- _Exercise description_: Leaving the pictures aside, transcribe every line below exactly.

------ Provided data

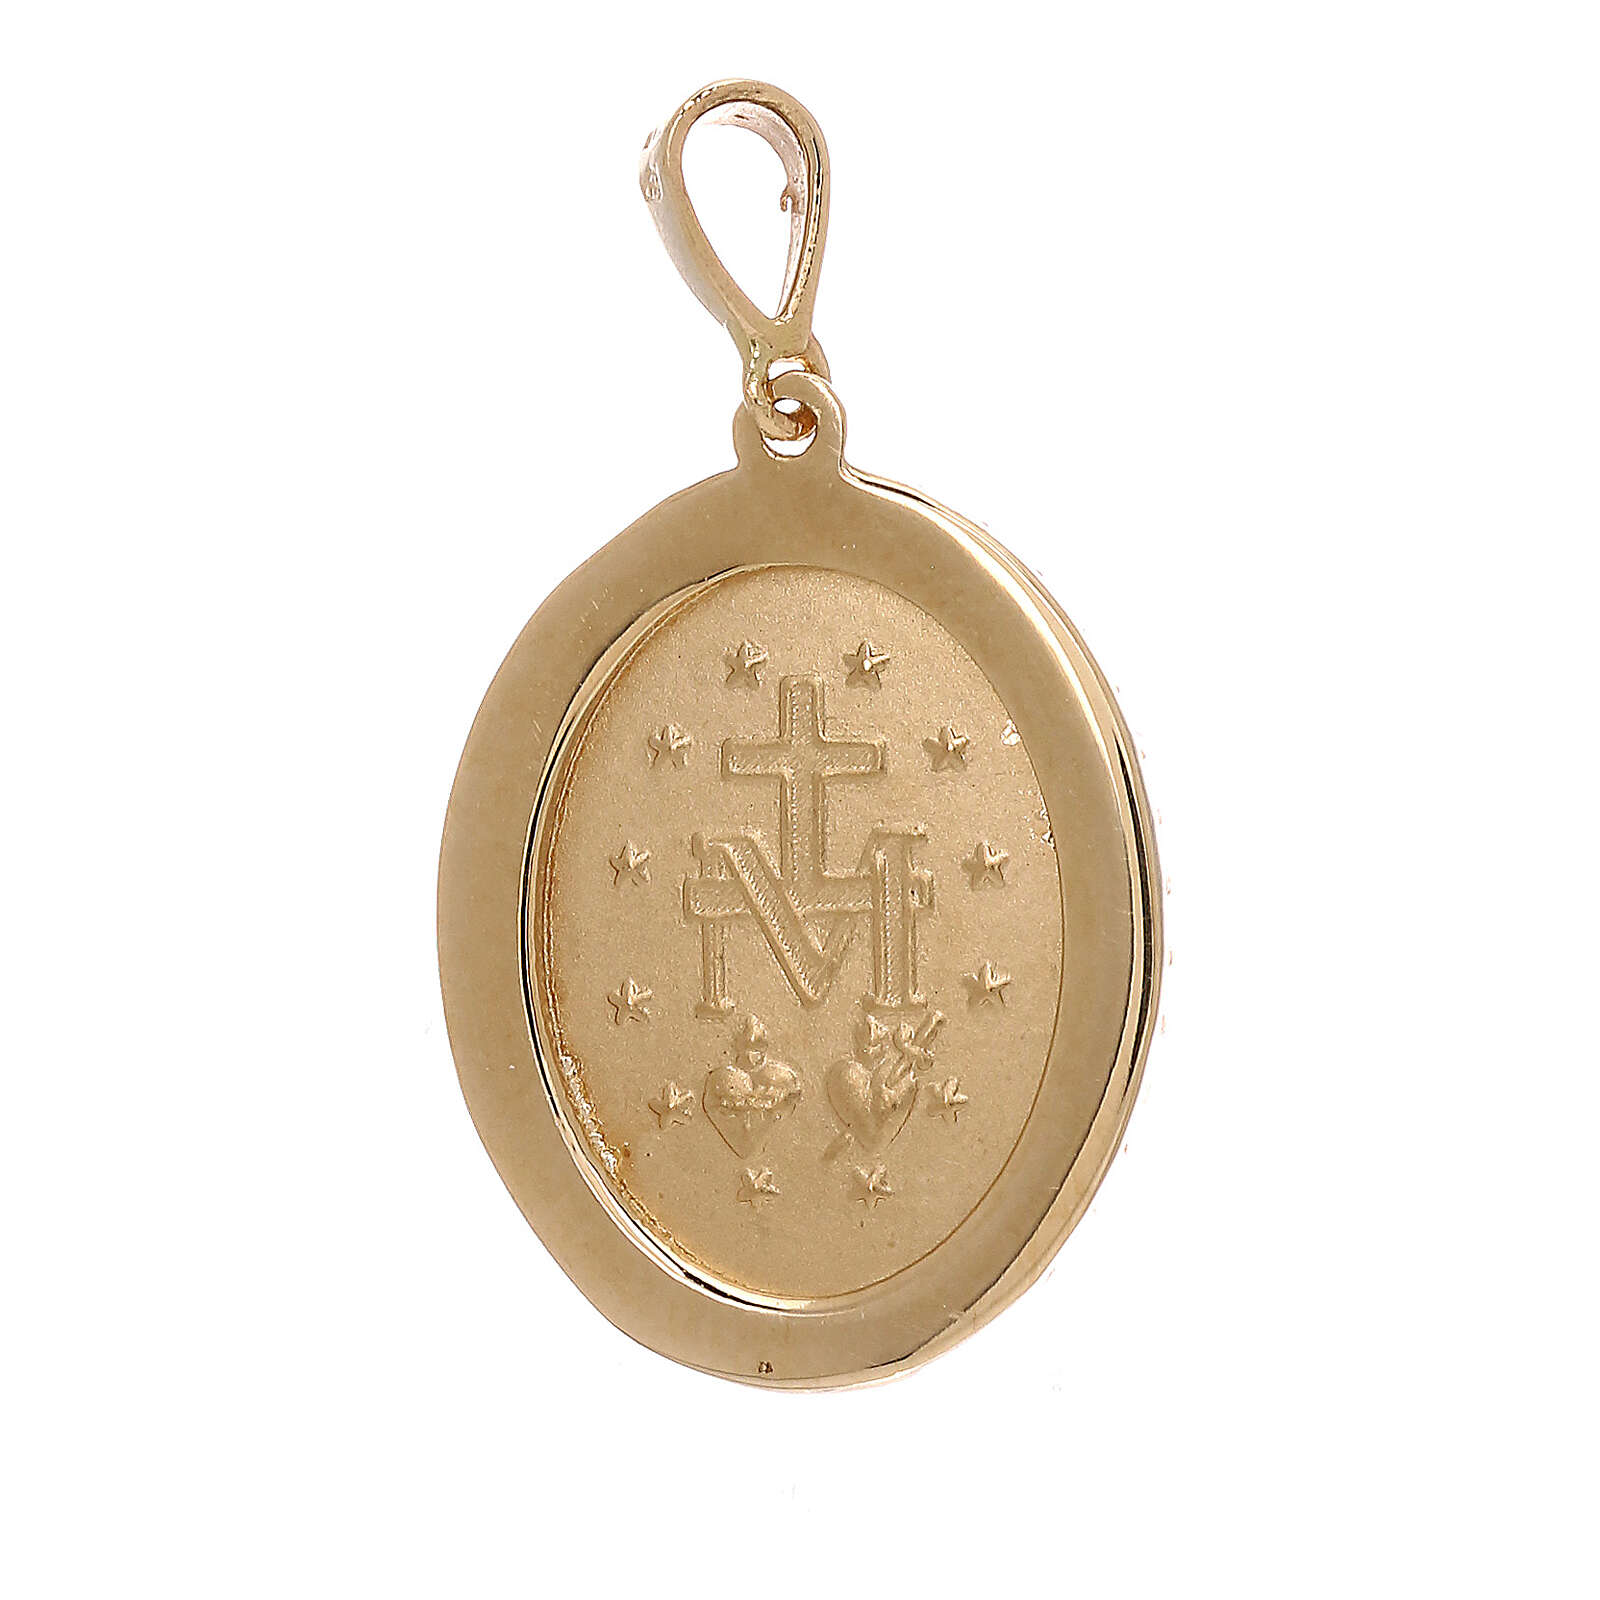 Pendentif Médaille Miraculeuse or jaune 18K Swarovski 3,4 gr 4
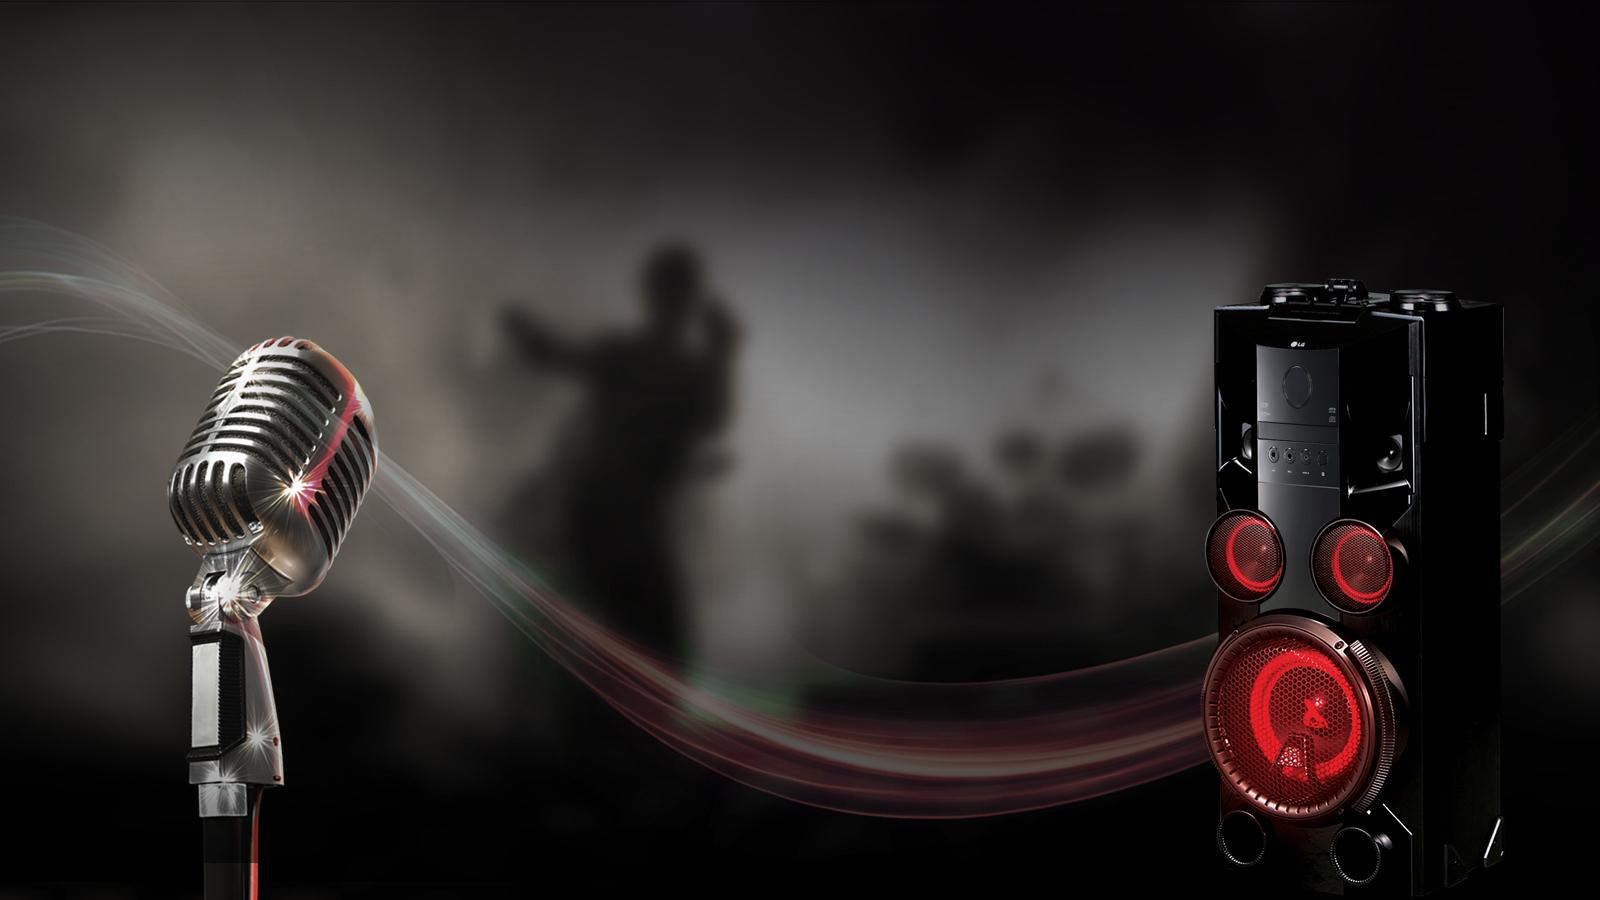 Chaine hifi - OM5560 - Noir
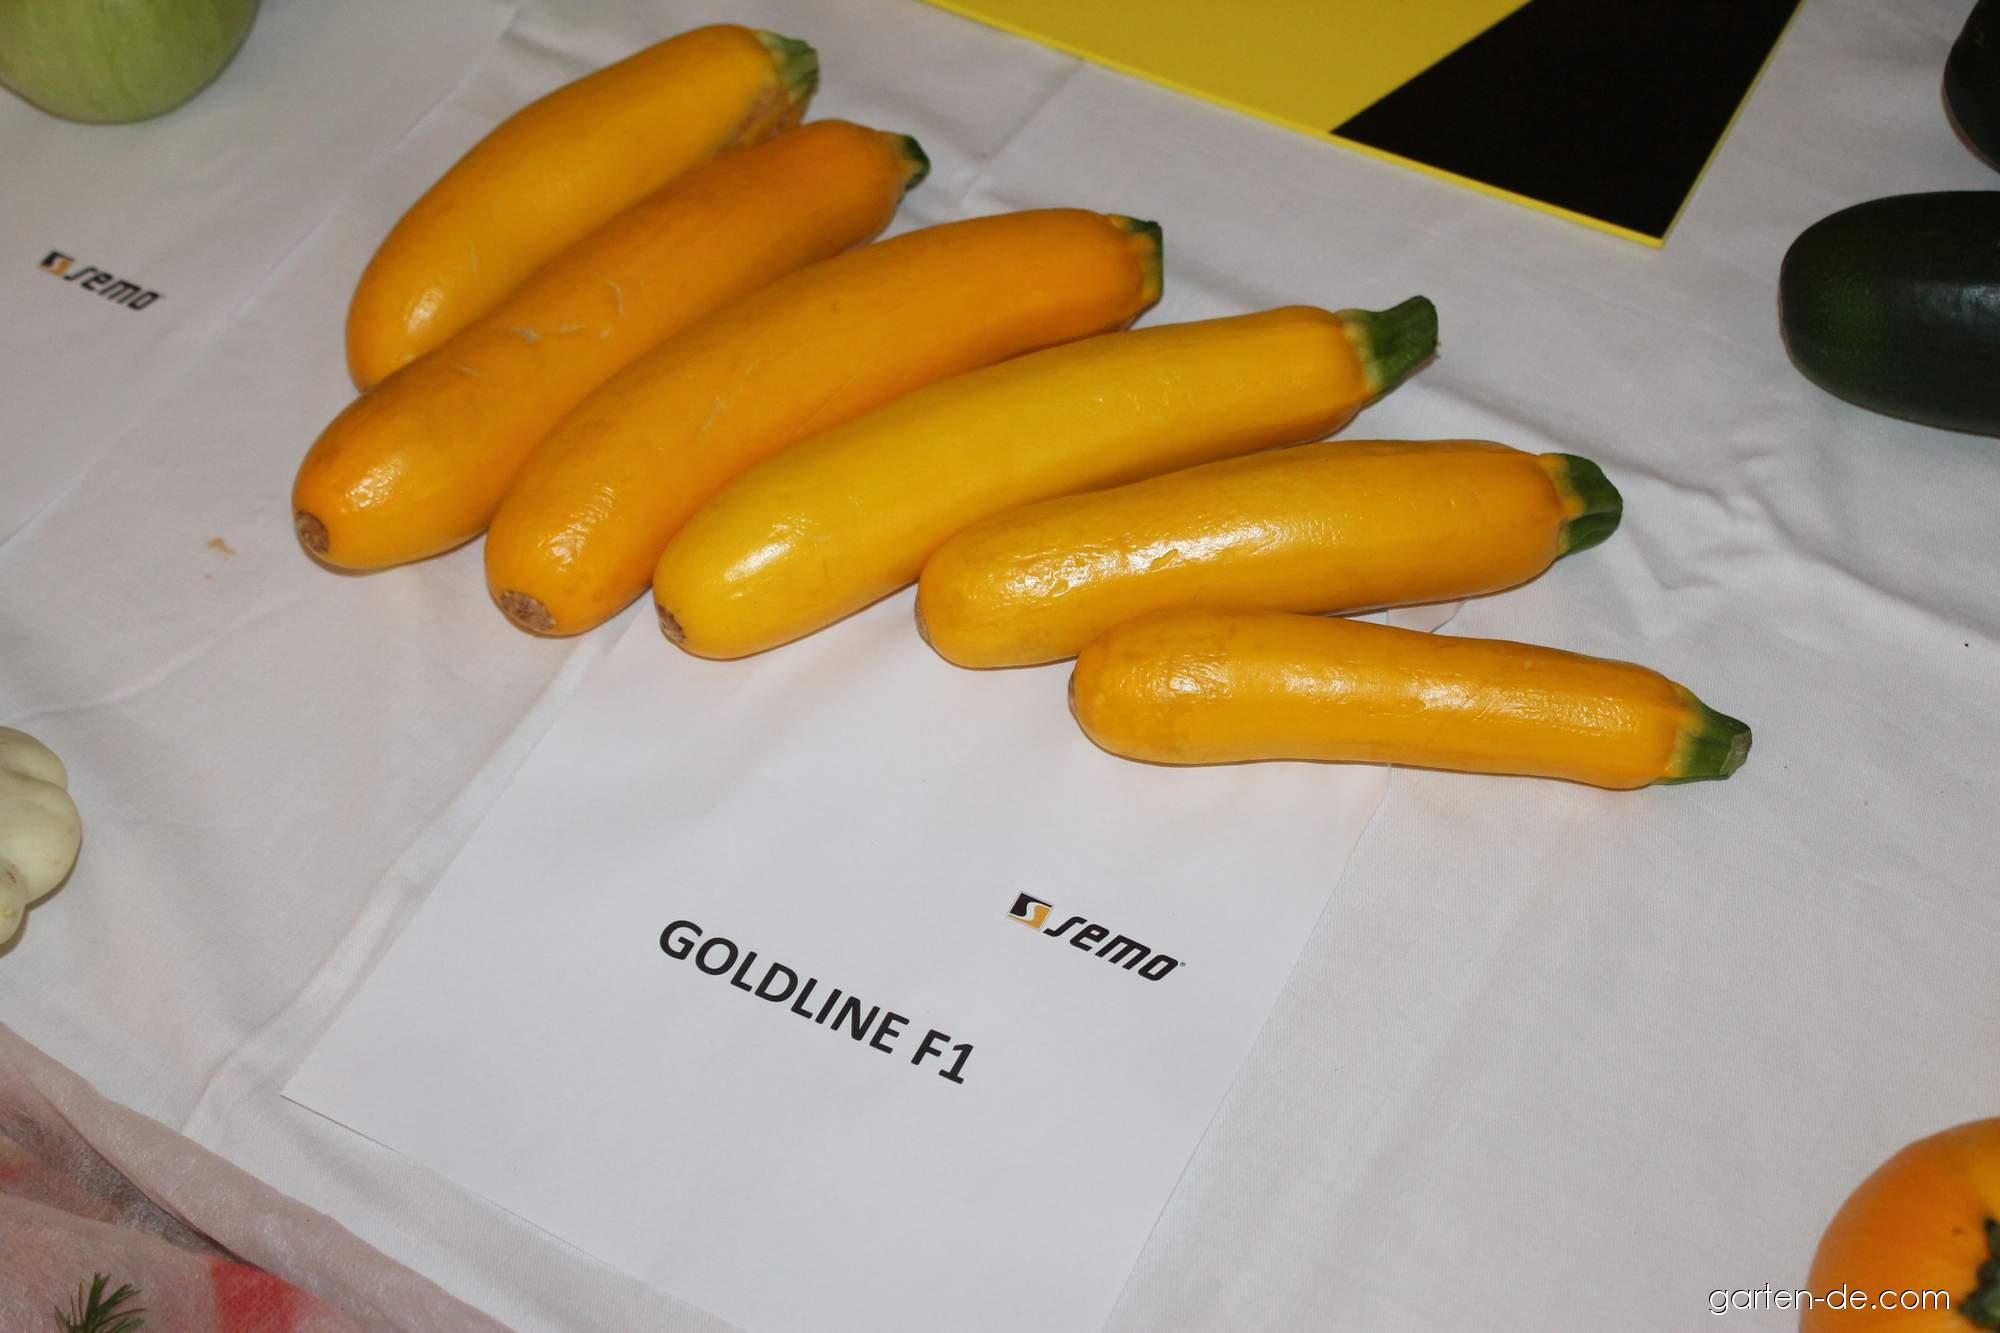 Tykev obecná - cuketa Goldline (Cucurbita pepo)

------------

- _Result_:
 Pendentif Médaille Miraculeuse or jaune 18K Swarovski 3,4 gr 4
 Chaine hifi - OM5560 - Noir
 Tykev obecná - cuketa Goldline (Cucurbita pepo)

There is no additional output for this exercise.